Pius XII and the Nazis

Here is something interesting from Walter Kasper. This extract (below) provides information I was unaware of and casts a different light on the usual readings of the Pius XII's relationship to the Nazis.

"Pius XII was Pope (1938–58) during one of the most difficult times of the papacy during the Second World War while Rome was under the heel of Mussolini and later occupied by Germany. The contemporary assessment of his Pontificate during the Second World War was rather positive. In his Christmas radio message of 1942 the Pope was very clear and the Nazis understood very well what he wanted to say. The New York Times, which is not known as a church–oriented newspaper, had already in 1941 published an editorial where it spoke of the Pope as the only voice in the silence and in the dark with the courage to raise his voice. After the deportation of more than 1000 Jews from Rome (only 15 survived) in October 1943 he ordered a general Church asylum in all convents and ecclesiastical houses, including the Vatican and Castel Gandolfo. According to authoritative estimates, about 4500 Jews were hidden.

After the death of the Pope the then minister for foreign affairs and then Prime Minister of the State of Israel Golda Meir thanked the Pope with warm words for what he had done in dark times for the Jewish people. In a similar way, the then Chief Rabbi of Jerusalem Herzog also praised the Pope for what he did. These are only some witnesses of high–ranking and well–informed persons who were well aware of what had happened, and who can be called witnesses of the time.

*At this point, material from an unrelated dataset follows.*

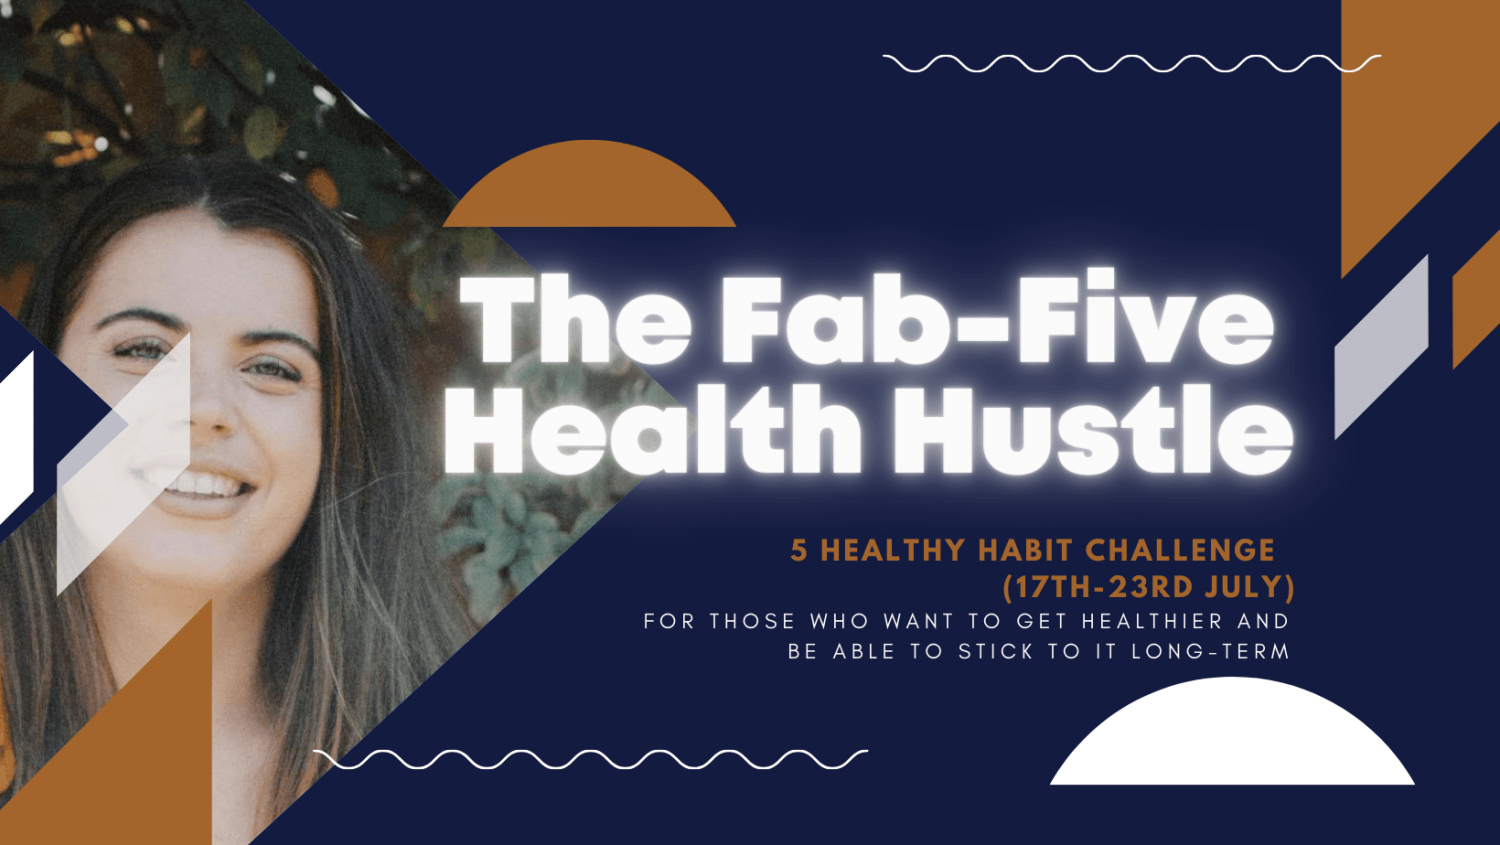 The fab-five health hustle challenge!
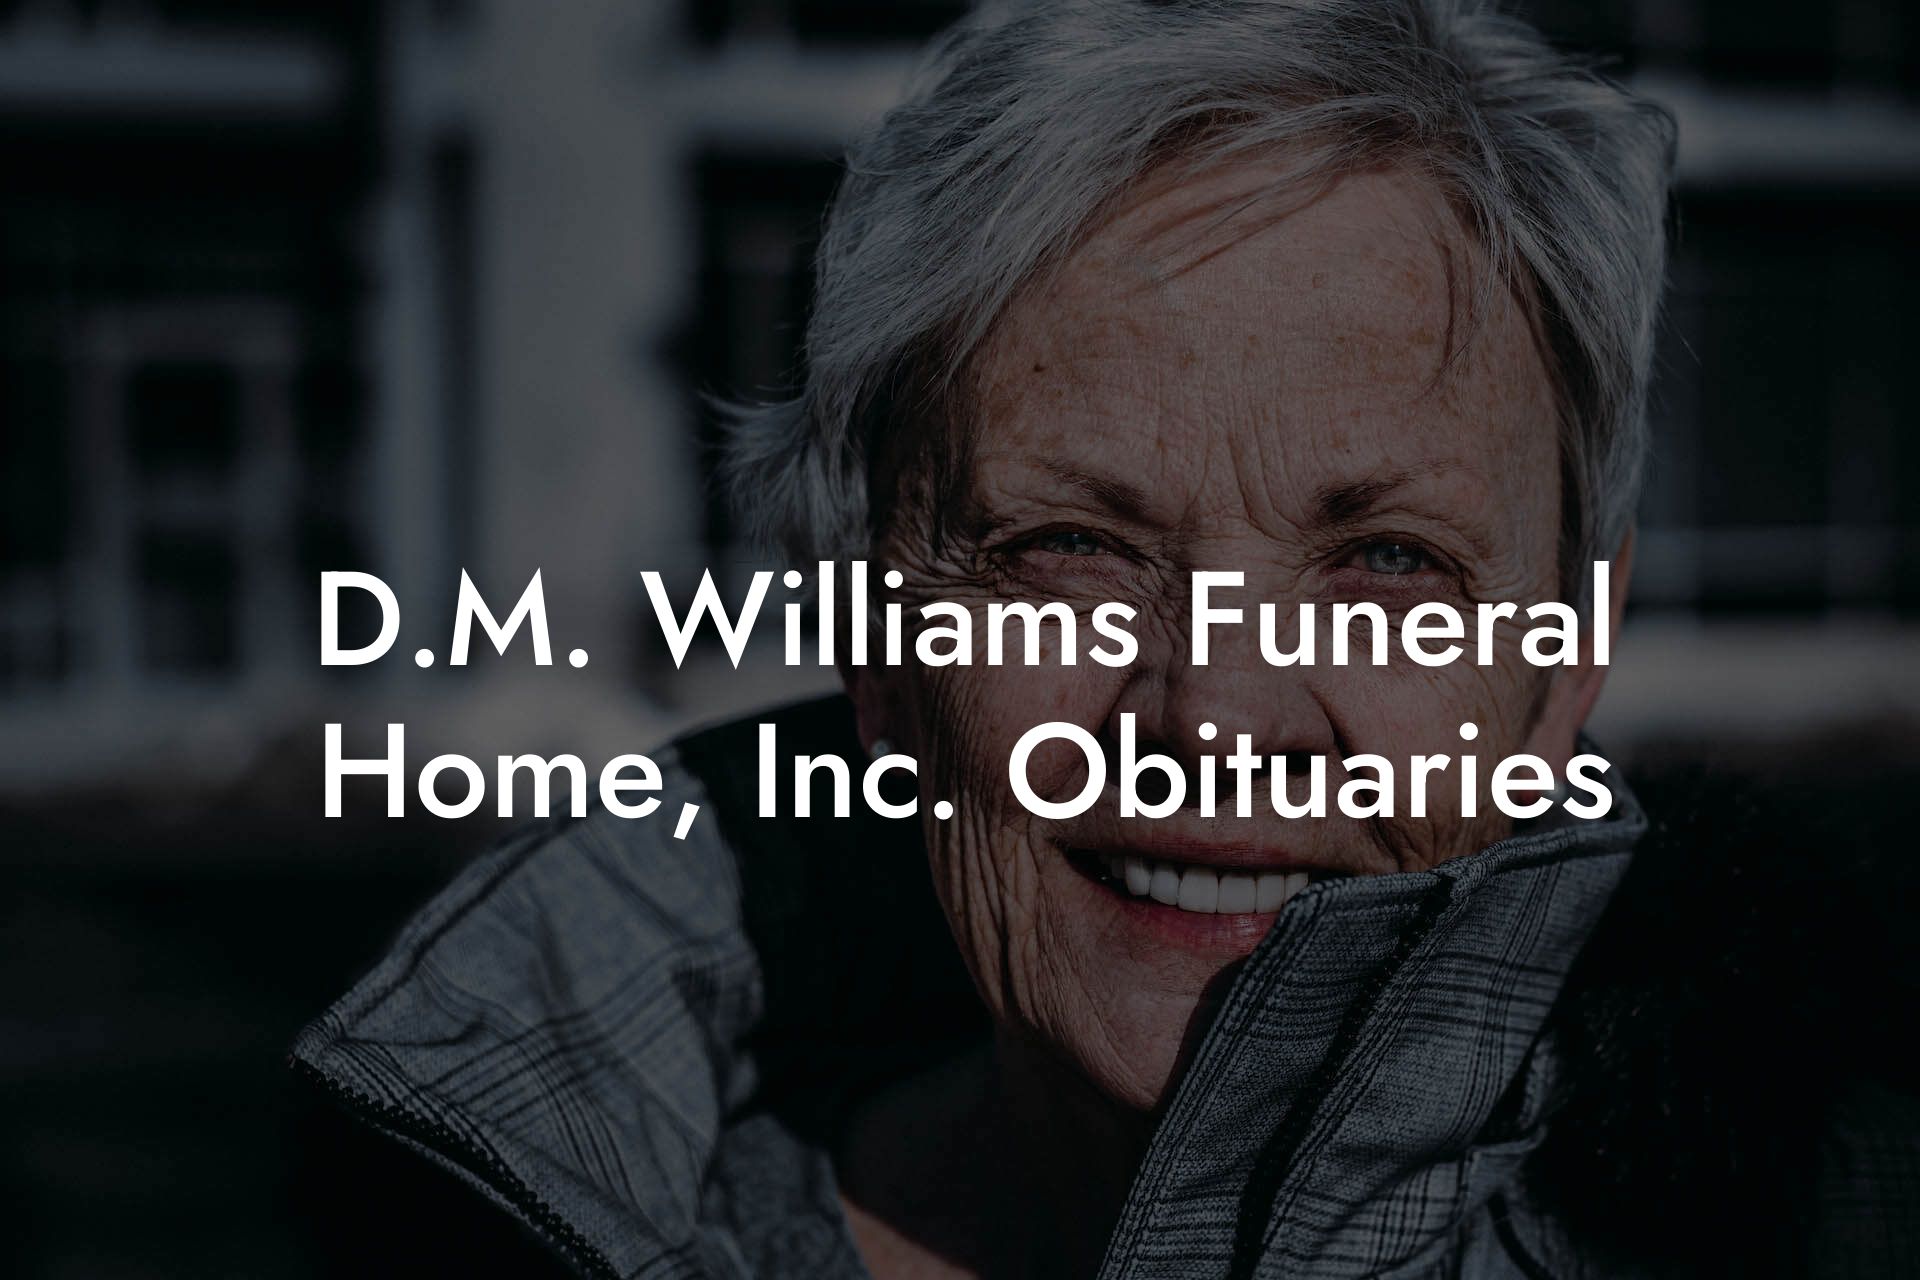 D.M. Williams Funeral Home, Inc. Obituaries

With Hochhut’s fictional play The Deputy (1963) the perception changed radically. Since then the reproach of silence about the extermination of the Jews has become widely spread. Hochhut was not an historian and today there is evidence that he was dependent on communist sources.2 One of the first to defend Pius XII was Joseph Lichten, a Polish Jewish diplomat who later, as director of the International Affairs Department of the Anti–Defamation League of B’nai B’rith, played a distinguished role in interfaith–dialogue. The serious recent historical research is differentiated. There are still today Jews who defend Pius XII, and on the other side there are Catholic authors who are critical about his attitude. So there is no clear frontline between Jews and Catholics,5 though the majority of Jews, especially in Israel, are still critical. Whether this is partly due to a lack of information about more recent historical research work, I would like to leave open."